米開朗基羅沒有把動作做大,反而讓不同部位處於不一樣的狀態:腿部看似穩定,軀幹仍平靜,手、頸與臉卻充滿警戒,我們感覺到的緊張,正來自這種落差:身體沒有動,但意志已經先動了。關於 contrapposto 的視覺原理,可參考下面 Smarthistory 的圖解說明。

古典裸體與文藝復興人文主義

《聖經》沒有說大衛裸體上陣,相反地,他曾試穿盔甲,之後因不習慣而脫下。米開朗基羅採用英雄式裸體,並不是要做戰場紀錄,而是把基督教英雄放進古希臘、羅馬理想男性身體的傳統中。

裸體代表的不只是肉身,也可以是勇氣、自制、理性與人的尊嚴。大衛沒有王冠、盔甲或階級標誌,力量全由身體和心智呈現。這正是文藝復興人文主義最具代表性的轉譯:宗教故事仍是核心,但人體不再只是靈魂的外殼,而成為道德與思想可以被看見的場所。

右手手背浮起血管,膝蓋與腳踝顯示骨點,腹部肌群沒有誇張收縮,頸側卻因轉頭而繃緊,讓哪些部位承重、哪些正在放鬆、哪些準備動作,都被安排得非常清楚。而且頭、雙手,尤其右手,在比例上有偏大。胸腹較修長,人物前後厚度也受原石形狀限制,這些不符合自然比例的地方,讓作品在巨大的尺度與仰視條件下,仍能保有清楚表情和動作重點。

從單一石塊向內減去

大理石雕刻是減法。雕塑家無法像黏土一樣補回材料,只能從外輪廓逐步往內逼近最終表面。瓦薩里描述米開朗基羅的工作觀念時,曾把過程比成讓人物從水中逐漸浮現:先處理最突出的部位,再一層層找到更深的形體。

先以尖鑿(subbia)去除大量石材,再用齒鑿(gradina)調整轉折,最後配合平鑿、銼刀、磨料與拋光處理表面;頭髮深處、鼻孔與瞳孔周圍則可利用鑽具製造陰影。
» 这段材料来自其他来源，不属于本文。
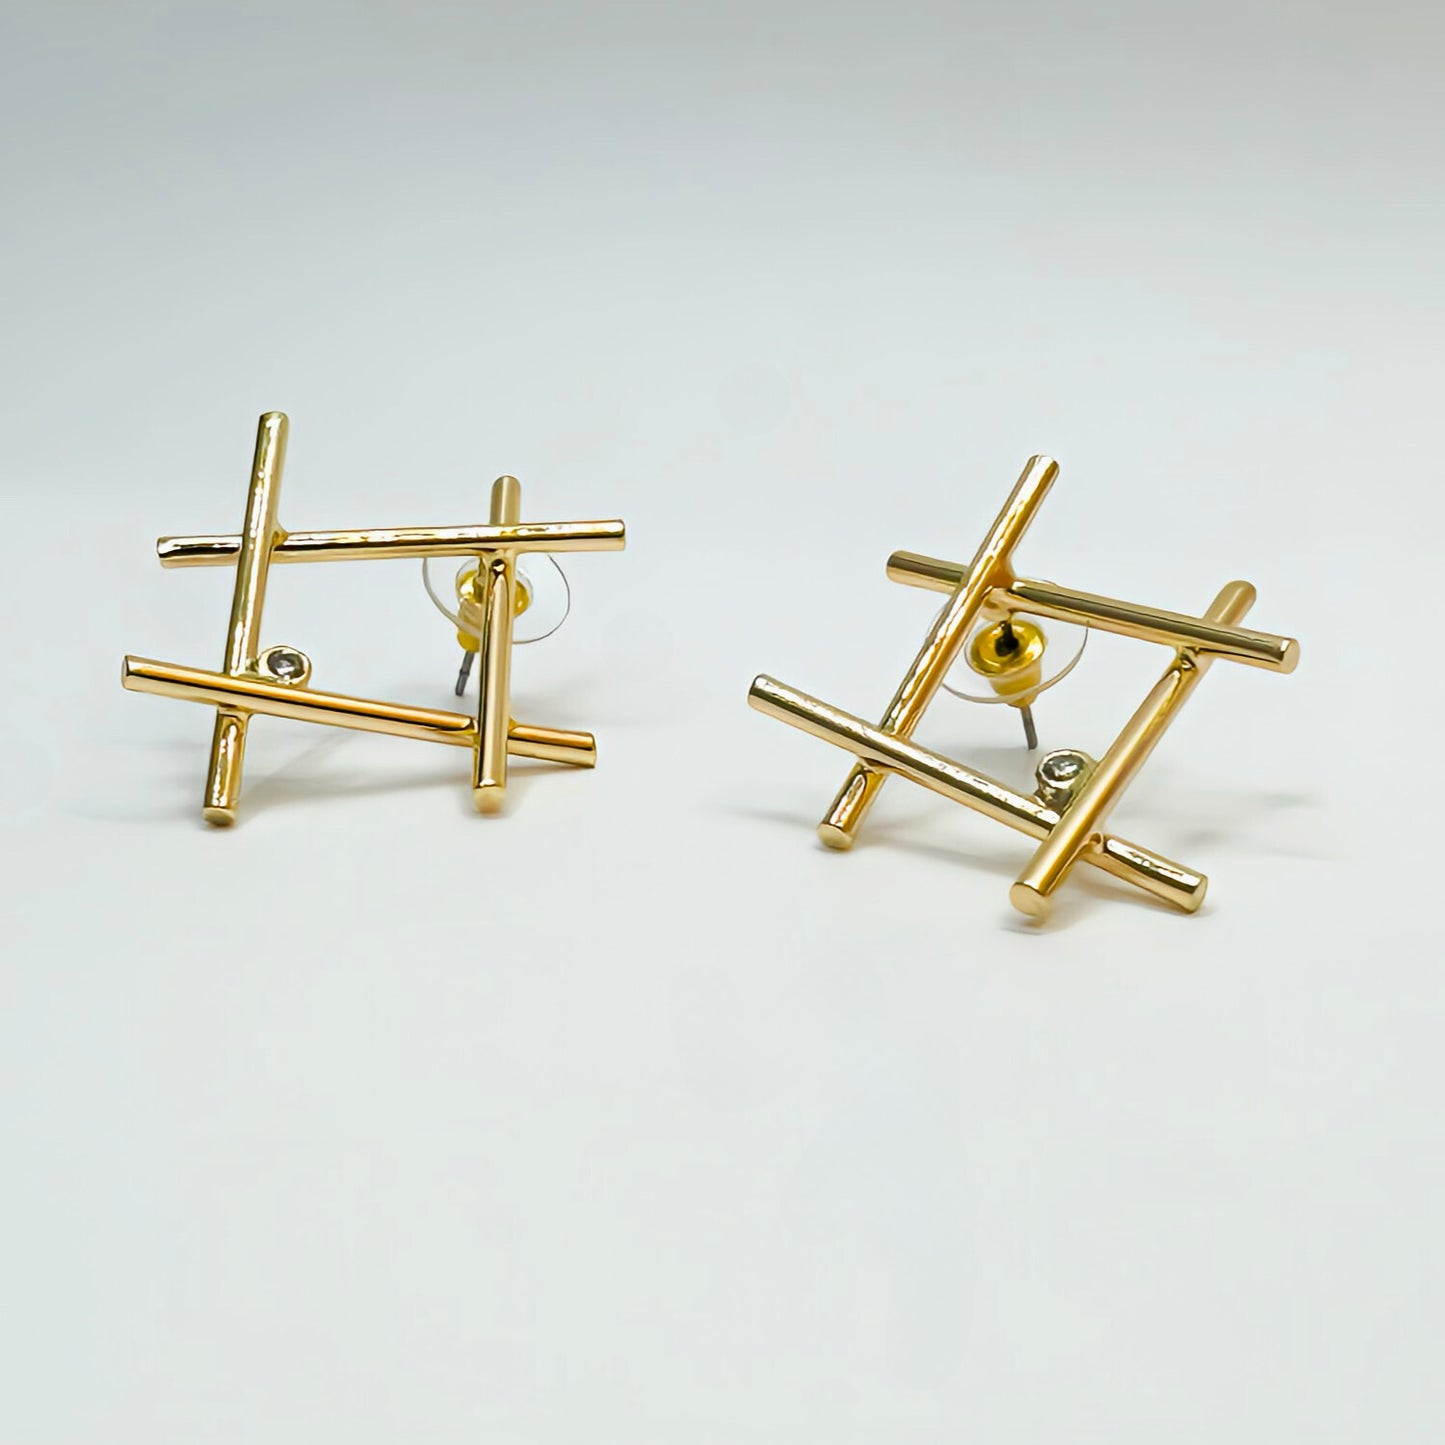 Art Deco Fence Earrings Gold or Silver with Stainless Steel

背後緊貼右腿的樹幹不只是場景裝飾,也像古典大理石雕像常見的支柱,幫助細窄腳踝承受上方重量。

圖:米開朗基羅未完成的其他雕塑

本來並不是純白雕像

現代人習慣把《大衛像》想成完全無色的白色大理石,但學院美術館的館藏說明指出,作品最初有三處鎏金細節:頭上的勝利花環、背後的樹幹,以及投石帶。金色會在陽光下閃動,這些金飾後來隨著時間消失,因此我們今天看到的「純白經典」其實是時間留下的版本,而不是 1504 年佛羅倫斯人眼中的全部。

大衛像 特殊故事

鼻子太大?米開朗基羅用石粉化解

瓦薩里在《藝苑名人傳》中記載了一則著名故事:佛羅倫斯執政官皮耶羅・索德里尼(Piero Soderini)站在雕像下方,覺得大衛的鼻子太厚。米開朗基羅知道對方的觀看角度根本無法判斷,便帶著鑿子和預先藏在手中的大理石粉爬上鷹架,假裝修鼻子,同時讓石粉落下,實際上沒有改動。索德里尼再看,便稱讚鼻子好多了。

1527 年,左臂斷成三截

《大衛像》站在政府門前,自然也被捲入政治衝突,1527 年佛羅倫斯再度爆發反美第奇動亂,舊宮內有人向下拋擲石塊、瓦片與家具,重物擊中雕像,左臂斷成三段,投石帶也受損。年輕的喬爾喬・瓦薩里與畫家弗朗切斯科・薩爾維亞蒂據說把碎片收起保存。到 1543 年,科西莫一世統治期間,手臂才被重新接回。今天仔細看左臂,仍能找到留下的接合線。

1873 年,原作終於離開廣場

在舊宮門前承受風雨、污染與人為風險近 369 年後,佛羅倫斯於 1873 年決定把原作移入學院美術館,搬運使用專門設計的木製車架與軌道,建築師 Emilio De Fabris 為它設計採光明亮的半圓形「大衛講堂」(Tribuna),1882 年正式以今日核心陳列方式開放。

大衛像 文化影響

維多利亞女王與「可拆式無花果葉」

19 世紀,歐洲博物館與藝術學校大量製作名作石膏翻模,讓無法前往義大利的人也能研究經典。倫敦維多利亞與亞伯特博物館(V&A)保存的全尺寸《大衛像》翻模,由 Clemente Papi 製作,館方記載,模具必須拆成超過 1,500 塊,才能複製如此龐大的原作。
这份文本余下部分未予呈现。